I thought this was important enough to get its own thread, aside from the discussion in the weekly training. Also, it's self-serving, considering that I am in the middle of dealing with all of these. 

Let's take Riot. We are just starting the T. We don't have any side piles yet, just lining to the main pile. We haven't even started adding in the whistle stop yet. So we go out to train, he has already ran this for a few training sessions, so he knows where the pile is. After running a few, we get a no-go. He stares at me like he has no idea what I'm talking about. How do I correct? He has been doing this on sends from the side and sends from the front. Is it pinch to the pile? I have tried here*nick*here and then resent, but I often get another no-go. Then what? I guess I'm just looking for options, because I know that a lot of it is going to be reading the dog. 

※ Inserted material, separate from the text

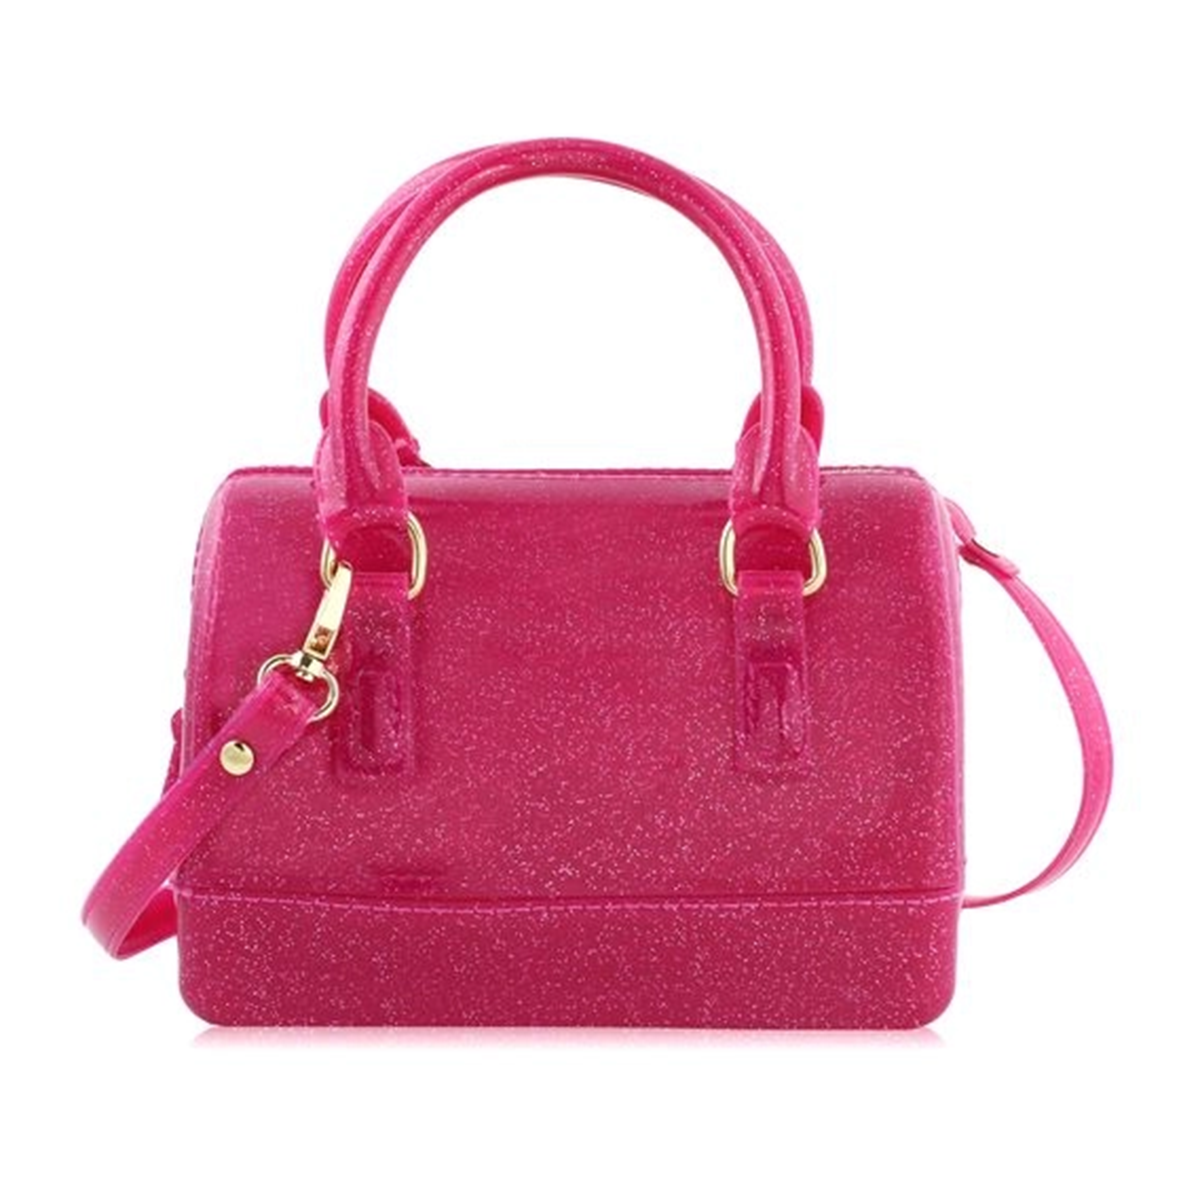 Buy Top Handle Silicone Handbag Jelly Purse With Optional Shoulder Strap -  Pink at Amazon.in

Also, if people are having no-goes at other stages of transition, feel free to jump in


----------



## hotel4dogs (Sep 29, 2008)

On a send from the side, Dan would do a heel-nick-heel and then re-send him. He says you need to make a "motion" correction if the dog is refusing to move. On a no-go from the front, how far away from him are you when this is happening?


----------



## Swampcollie (Sep 6, 2007)

You could try heel nick heel, then send.

You've reached the point where things start to break down for some dogs if prior basic lessons were not really understood. (Doing it because he wants to, not because you said so.)
You may need to revisit FTP to make sure that lesson was thoroughly understood and that there is no confusion about expectations. Sometimes you have to go all the way back to the beginning of fetch to clear up the confusion if the lessons weren't grasped.


----------



## Radarsdad (Apr 18, 2011)

NO Go's I walk about 6-10ft in front of the dog while he is sitting after a no go and Heel Burn Heel then send. Clears it up pretty quickly. Just my .02


----------



## MarieP (Aug 21, 2011)

Swampcollie said:


> You could try heel nick heel, then send.
> 
> You've reached the point where things start to break down for some dogs if prior basic lessons were not really understood. (Doing it because he wants to, not because you said so.)
> You may need to revisit FTP to make sure that lesson was thoroughly understood and that there is no confusion about expectations. Sometimes you have to go all the way back to the beginning of fetch to clear up the confusion if the lessons weren't grasped.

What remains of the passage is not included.